セグメント配信を始める際、具体的にどういった条件でセグメントを分ければ良いのでしょうか。先述の通り、目的に応じて多様な分類方法があります。自社が保有する配信リストのユーザーの性質や商材、メールマーケティングで達成したい目的によって詳細は異なりますが、下記を参考にセグメントしてみましょう。
既存顧客と新規顧客
自社のメールを購読しているユーザーの属性やメールへの反応などがあまり見えていない、メールマーケティングを始めたばかりの段階では大きな枠組みで分類してみましょう。
例えば、自社の商材の購買経験を基準にします。新規顧客と既存顧客でリストを分類し、メールを作り分けてみてください。
新規顧客向けのメールでは、導入することで得られるメリットや、潜在的なニーズに向けて課題解決できるお役立ちコンテンツなどを配信します。既存顧客向けのメールでは、リピート購入時の割引や、商品の活用ノウハウなどを配信すると良いでしょう。
反応率の高いユーザーと低いユーザー
メルマガやニュースレターなど、一斉配信を定期的に実施しているのであれば、メールの反応率を基準に分類することもできます。
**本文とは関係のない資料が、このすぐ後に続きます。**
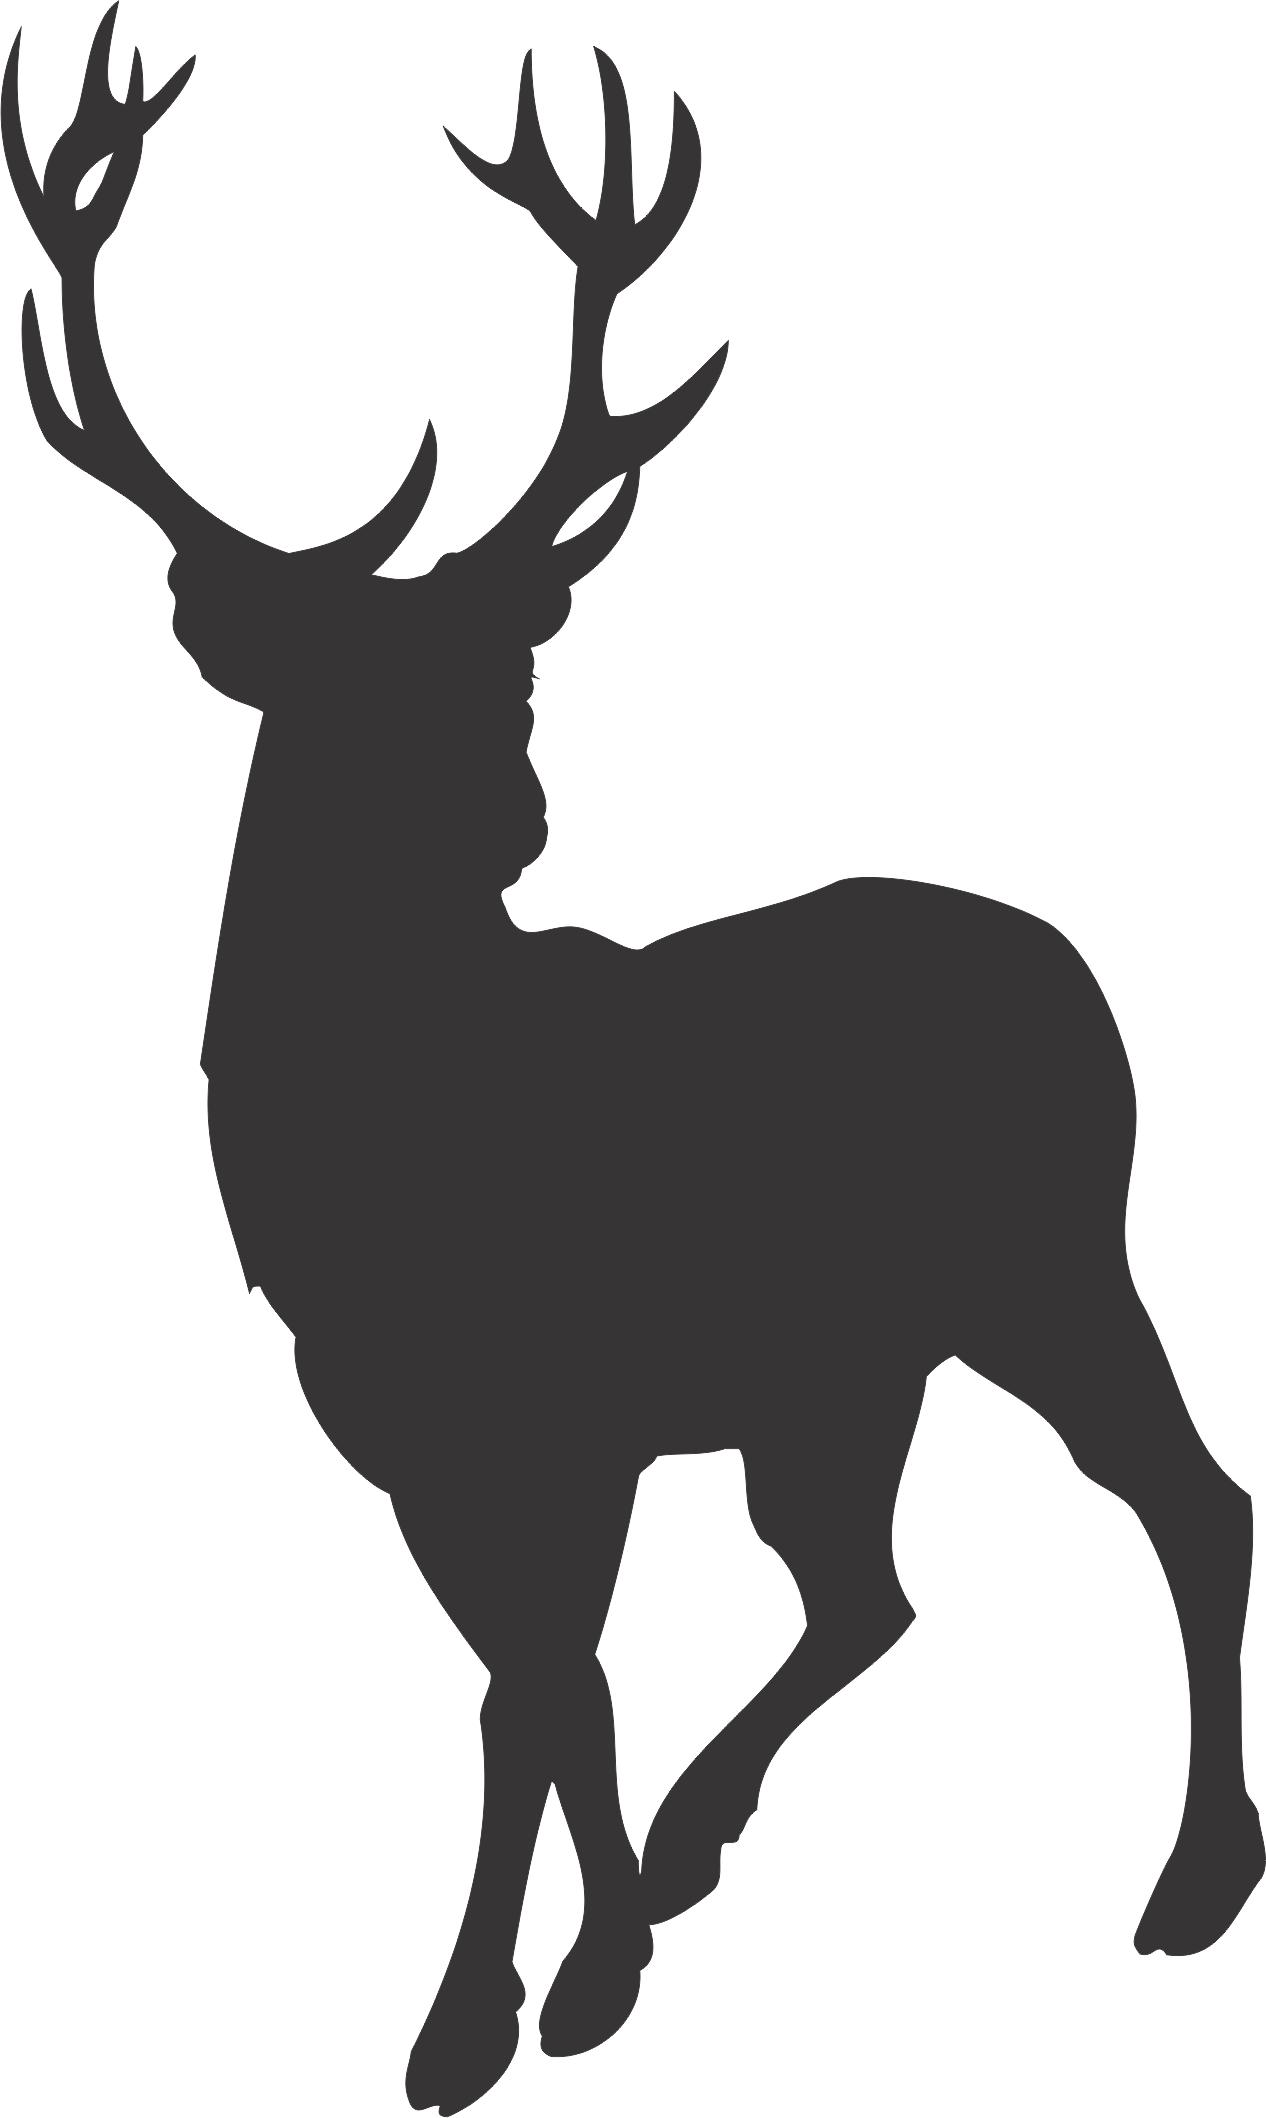 Free Deer Silhouette-Free Deer Silhouette-10

メールの開封、本文内のリンクのクリック、コンバージョンなど、メールマーケティングの目的に応じた反応を基準に効果測定を行います。
そして、反応しやすいユーザーとメールに対してほぼ反応を示さないユーザーに分類し、メールを出し分けます。反応しやすいユーザーにはその反応を元に相性の良い情報を配信し、反応が無いユーザーには目に止まりやすいキャッチーな内容のメールを配信すると良いでしょう。
例えば、新商品の情報やプレスリリースなどの一斉配信をしていた企業であれば、それに加えて関連する「メール購読者限定のお役立ち情報」のようなノウハウ系のコンテンツを加えることで、「商材」や「自社の取り組み」への反応率が低いユーザーの関心を集めることができます。
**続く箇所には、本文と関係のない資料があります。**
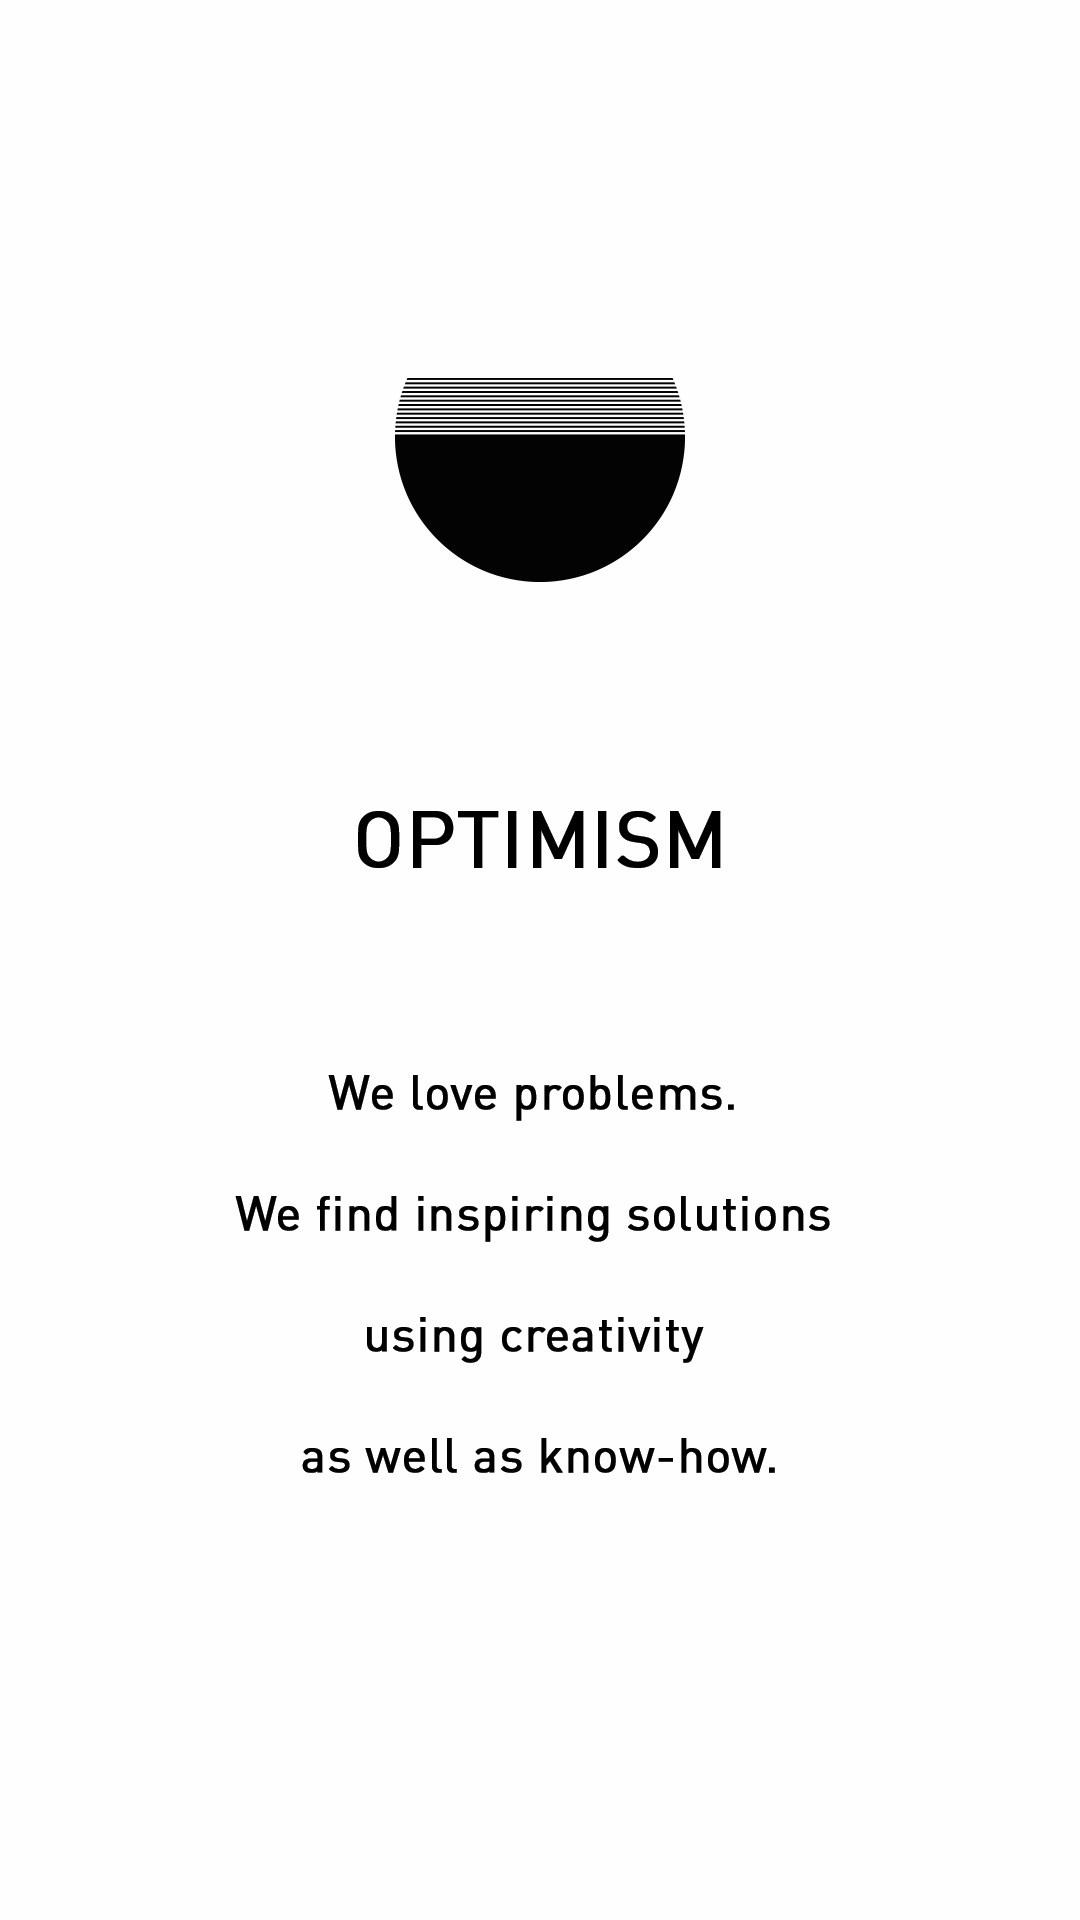 Entwurfreich Core Value Optimism

また、反応を示さないユーザーのリストでメール内容のA/Bテストを実施することで、ユーザーが何を求めているのか、彼らの潜在的なニーズなども見えてくるため、メールコンテンツの改善にも繋がります。今まで配信していたメールで効果を出せなかった原因の分析としても、ぜひ試してみてください。
商材へのニーズ別に分類
同一の商材であれ、男性と女性、独身向けと家族向けなど異なるニーズを生み出す商材もあるでしょう。そういったニーズを基準に、ユーザーの属性にあわせてリストを分類し、メールを配信するのも有効です。
独身と家族が交じるリストに向けて「ファミリーにおすすめ」というメールを配信しても、反応しないユーザーが存在して当然です。どういった層にニーズがあるのか、該当するユーザーは配信リストに存在するのかを調査した上で分類し、メールを出し分けることが大切です。
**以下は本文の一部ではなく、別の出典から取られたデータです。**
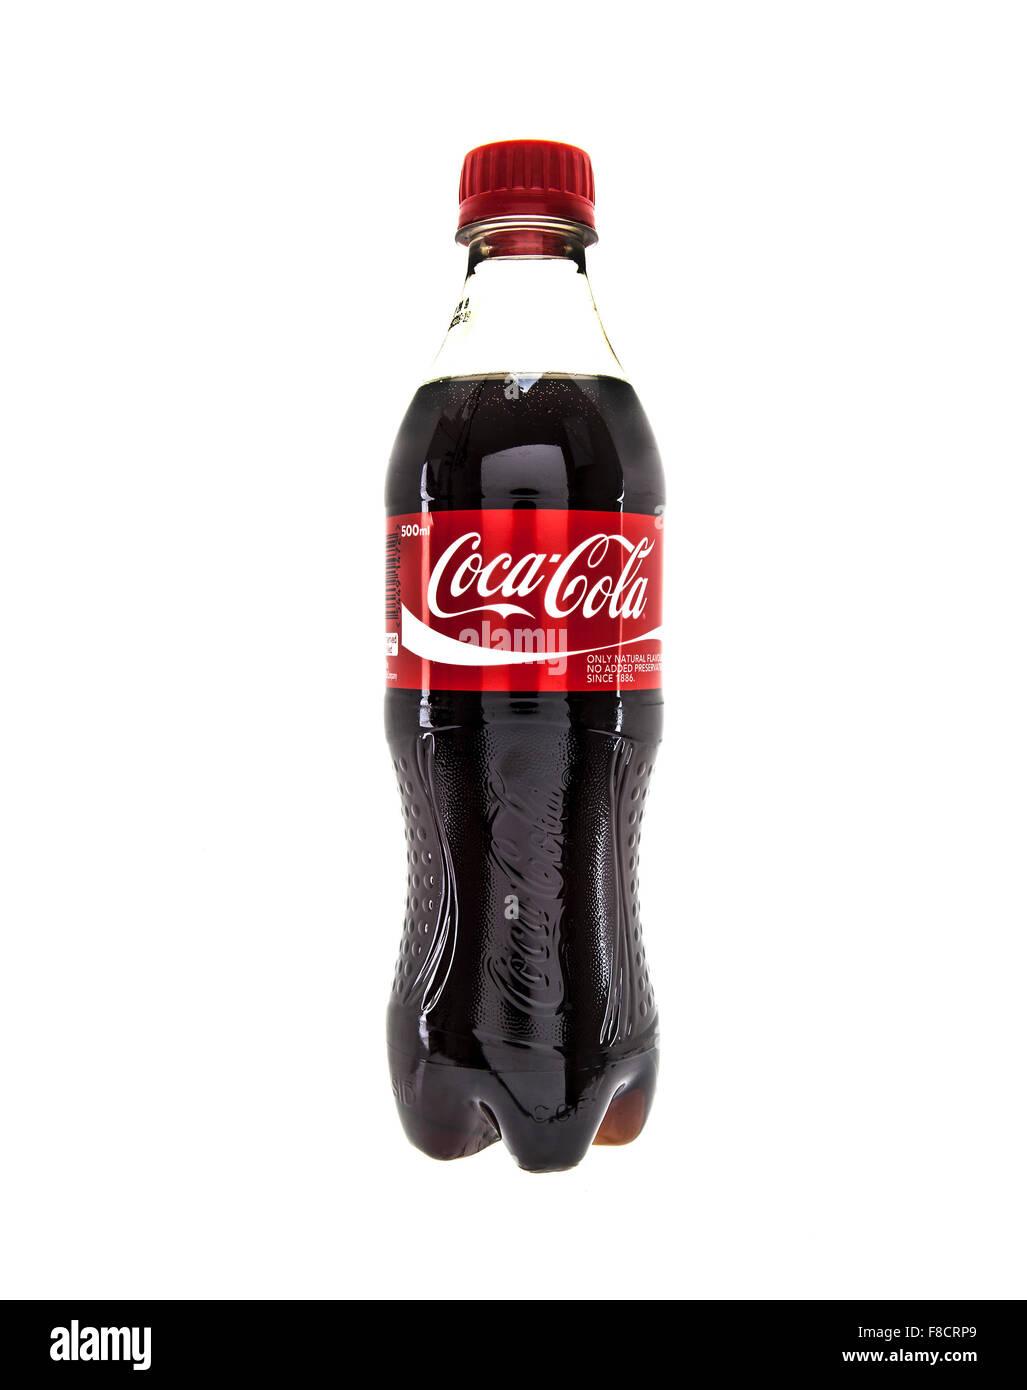 Coca-Cola Bottle on White Background - Stock Image

また、BtoB系の商材の場合、現場のメンバーが購読しているのか、部門のリーダーやマネジメント層が購読しているのか、経営者層が多いリストなのかによって分類するのも有効です。特に、BtoB領域では、商材の選定者と意思決定者、決済者が異なるためBtoCとは異なるユーザー属性の分類が必要です。
特定のアクションを起こしているかどうかで分解
詳細な分類が必要になりますが、特定のアクションを起こしているかどうかでセグメントするのも効果を見込めるでしょう。
例えば、過去に資料ダウンロード付きメールに反応したユーザーとそうでないユーザーに分類したり、過去にお問い合わせを1回以上したユーザーと情報収集目的の閲覧だけで反応を示しにくいユーザーに分類するといった分類方法があります。
自社が過去に配信したメールに対してユーザーが起こしたアクションを元に配信することで、大まかなセグメントと比べてよりユーザーの関心に寄せた配信が可能になります。
参考:セグメント配信と一斉配信の使い分けのコツをおさえて、メール効果倍増! | メルラボ
まとめ:まずは大きな分類から始めよう
この記事では、セグメント配信の特徴から分類例まで紹介してきました。分類方法は上述の通り、大まかな条件で分類するものから、ユーザーの特定のアクションに応じた詳細な分類まで様々です。
もし、これからセグメント配信を実施しようと考えているのであれば、いきなり精緻な分類をするのではなく、大まかな条件をもとにセグメント配信をしてみましょう。そして、配信と平行して効果測定を行い、より具体的な条件に分類してみましょう。
一斉配信と比べ、メールの作成に工数は掛かりますが、メールマーケティングの効果をさらに高めるため、ぜひ実践してみてはいかがでしょうか。